For the reasons mentioned by others (procreation without marriage and marriage without procreation) in a modern state a) is, or at least should be derived solely and completely from the fact that the partners have children, whether married or not. This includes the rights of the children to be supported by both their parents. Therefore, the children aspect should be taken out of the marriage question.

As for b), it's hard to see why partners should be denied non-financial rights like visitation and it seems to make sense to me that they should be guaranteed by law.

The financial rights of c) are based on the promise to be there for each other in times of need as well as on the common situation that one partner compromises their career in favor of the other's. Seems to make sense /if/ this situation is the case. But this part differs significantly from case to case, making it impossible to regulate with a one-size-fits-all kind of marriage agreement. So here is definitely space for individual contracts in lieu of inflexible regulation.

I don't see why the state should pay subsidies for b) or c). That leaves only a) to be subsidized, independent of marriage, and only b) to be regulated by the state in the context of a "marriage" (or whatever the name). It's hard to see a reason why b) should be restricted to heterosexual couples.

Goverment-recognized marriage provides a convenient crutch for defining those policies, but in the absense of that crutch they are entirely capable of defining new policies to meet the demands of the market. (For example, cafeteria benefit plans and medical power-of-attorney forms.)

David - what happens when someone comes into hospital incapacitated, without having signed those forms?

Say person A arrives in a coma. Person B claims they are A's partner. Person A's parents claim B is a psycho who A has always despised. Person B says parents A say that because they have never been able to accept that A is homosexual. Might it not help the courts if there's a contract sitting around signed by person A and person B?

Then there's the right not to be forced to testify against your spouse. How do the courts decide when B is A's partner?

Or let's take a case that happened in NZ. A wealthy elderly man hired a woman as a housekeeper. Eight years later he died, leaving the bulk of his money to his children. The housekeeper claimed they had been in a secret partnership for years and she was entitled to half his money, the children said that no such thing had happened. How is a court meant to know if the two have been sleeping together?

Then there's the case when A wants to marry someone he met overseas, and bring them into the country. How does the market supply citizenship rights?

Why are people so dead-against the thought of the government providing a standard contract? Yes, medical power-of-attorney forms can be signed, and wills signed and so forth, but what's so terrible about the government providing one set of forms instead of a hundred?

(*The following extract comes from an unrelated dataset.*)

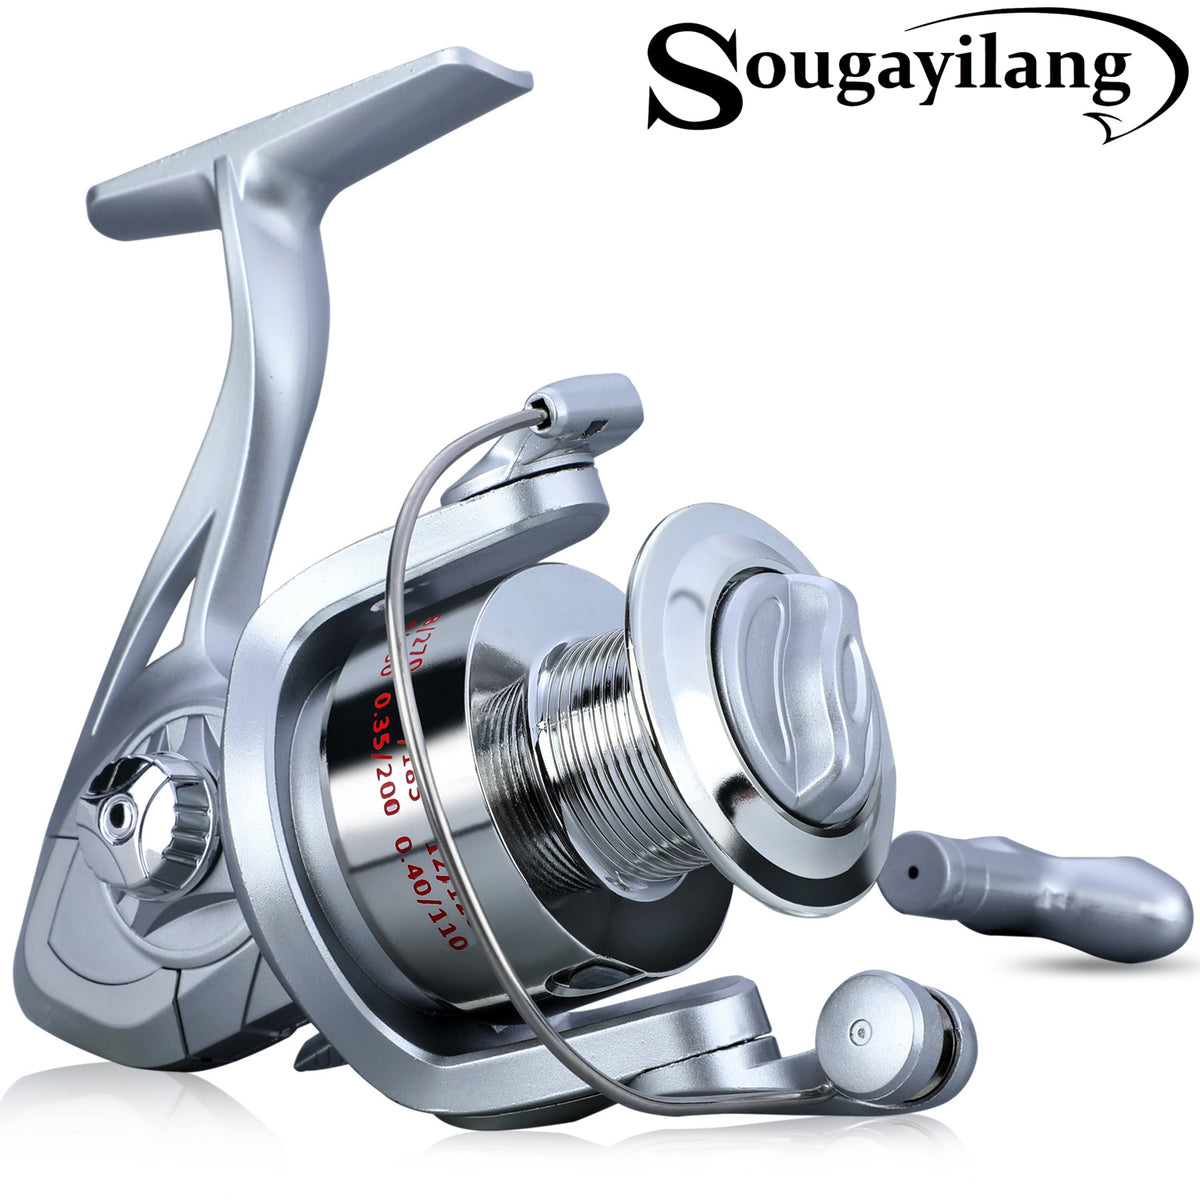 Sougayilang 5.0:1 Spinning Fishing Reel Wooden Handle 1000-3000 Series 12BB  Spinning Reel River Lake Fishing Reel Fishing Tackle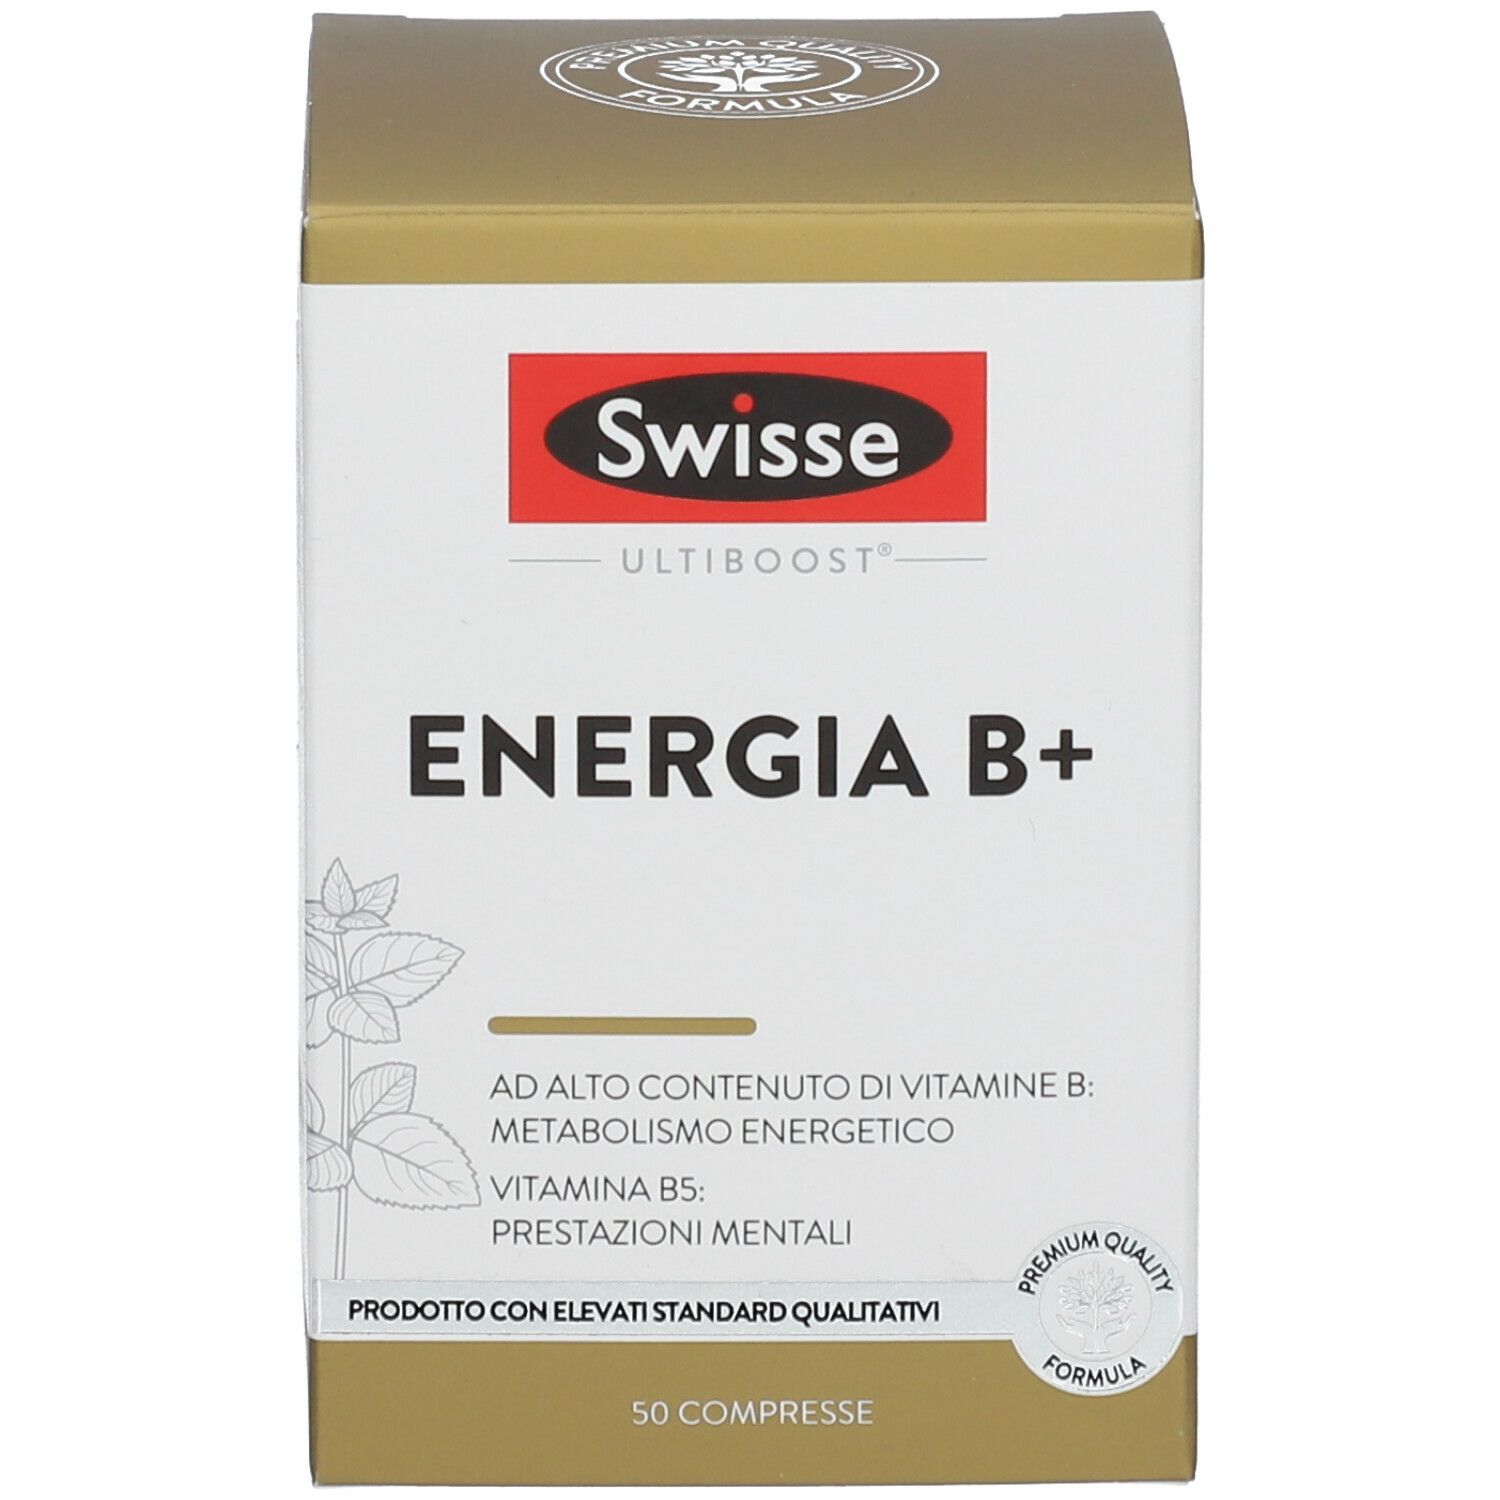 Swisse Energia B+

Why are people so eager to introduce a change of which the major result will be more money to lawyers?

Marriage in one form or another is a pretty near universal human custom. In societies which have neither church nor state, it is regulated by custom. In the Jewish - Christian - Muslim tradition it was regulated by the religious authorities (in some countries e.g. Israel and Iran, it still is). The state got involved when religious diversity got in the way, and the more so when religions ceased to be legally established.

If this custom to which we are so attached seems to have required regulation by society almost everywhere in almost all times, should we not think very carefully before suddenly de-regulating it totally? And don't we need a lot more documented evidence on the forms marriage actually takes in different societies and states before pontificating on how the regulation of what we have long called the "marriage market" ought to be reformed? The role of the modern state in markets is to hold the ring so market disciplines can work. Before the state can do that properly in any market (e.g., see current debates on if and how to regulate hedge funds) government needs some understanding of what ring it may be trying to hold round what market, and why.